Parallelized Chunk Loops - Improvement Ideas

Hi,

a common use case is to run a model on chunks of data (e.g. one model by country / product group), and we often have a large number of such a chunks to handle.  The easy implementation is with the Group Loops - wich splits the chunks and sequentially runs the model on each.
We have now tried using Parallel Chunk Loop to parallelize the execution.

That seems to work - but here are a few observations:

- RowIDs are not made unique in the Parallel Chunk Loop End:
I have branches where I add new rows to my dataset, and this results in rowIDs being used multiple times - making the Parallel Chunk Loop End node fail when combining the data.  This can be fixed by using the RowID node and appending the chunk_index to the RowID.  However - it would be nice if the Chunk Loop End node would be smart enough to do that by default...

- Parallelization of R executions:  Is that working?
We often run models in R Snippets - and these can be quite time-consuming.
Using the Parallel Chunk Loop  - I however do not get the expected benefits in this case.  I would have expected that when running RSnippet nodes in the branches - I would see multiple RTerm / R processes getting launched. But I can only see one (on Windows) running on one core.  Hence it feels as if parallelization is not working with the R integration.  Is there a way to improve that?

Thanks,
Lorenz

As an option in the loop-end it would be indeed an interesting addition to concatenate the chunk_index. To do that by default would less then helpfull however.

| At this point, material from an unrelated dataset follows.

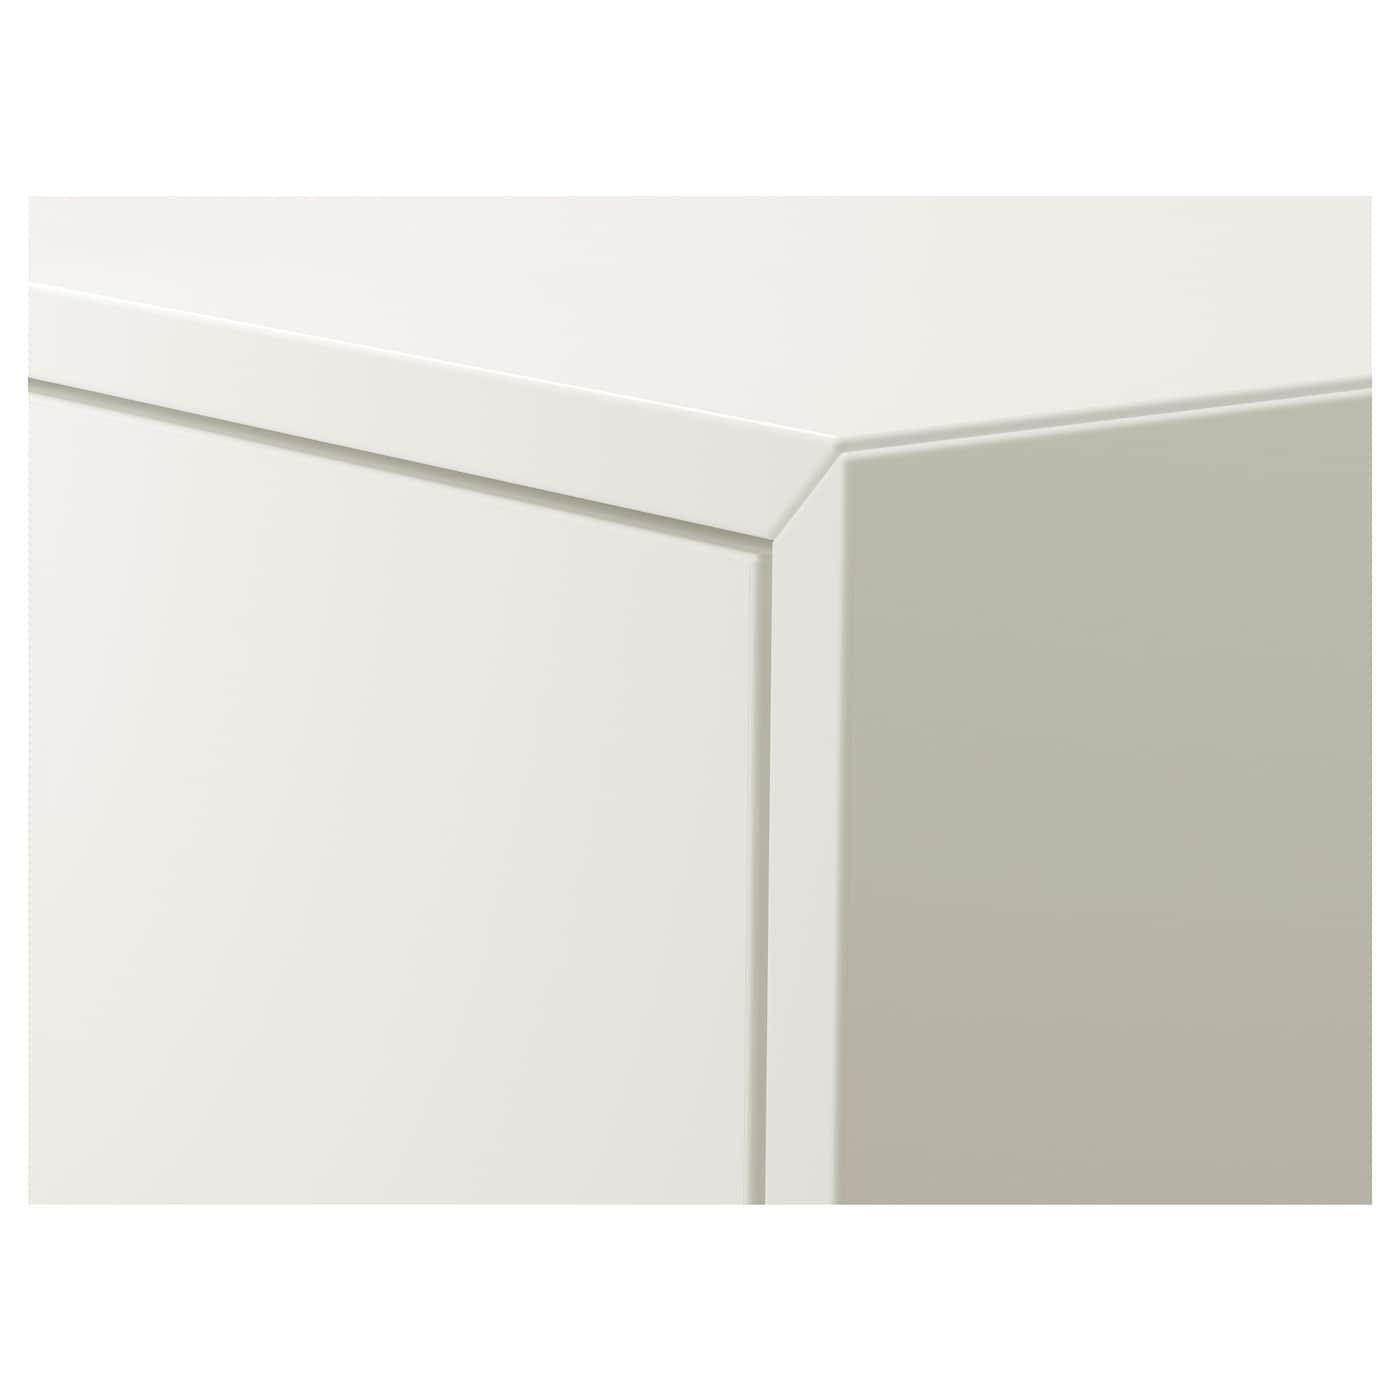 EKET cabinet with door white 35 cm 35 cm 35 cm 7 kg

In addition to Lorenz's excellent suggestions, I'd like to suggest another improvement:

A major drawback of the current implementation of parallel chunks is that the number of chunks is determined at the loop start. This is problematic if the input table contains a few rows that take significantly longer to process than other rows: in this case, you often end up in a situation where most chunks are finished and the loop end is only waiting for the last chunk to be finished. So once the number of still running chunks is lower than the number of available cores, the CPU usage is suboptimal.

A solution to this could be to create many more chunks than there are processors, and to always run only n of those at a time. Whenever one chunk is finished processing, a new one can be started.

There can still be cases where a single chunk can be left over processing, but I think a higher chunk number together with some thread management could improve the situation.

Please let me know what you think about that.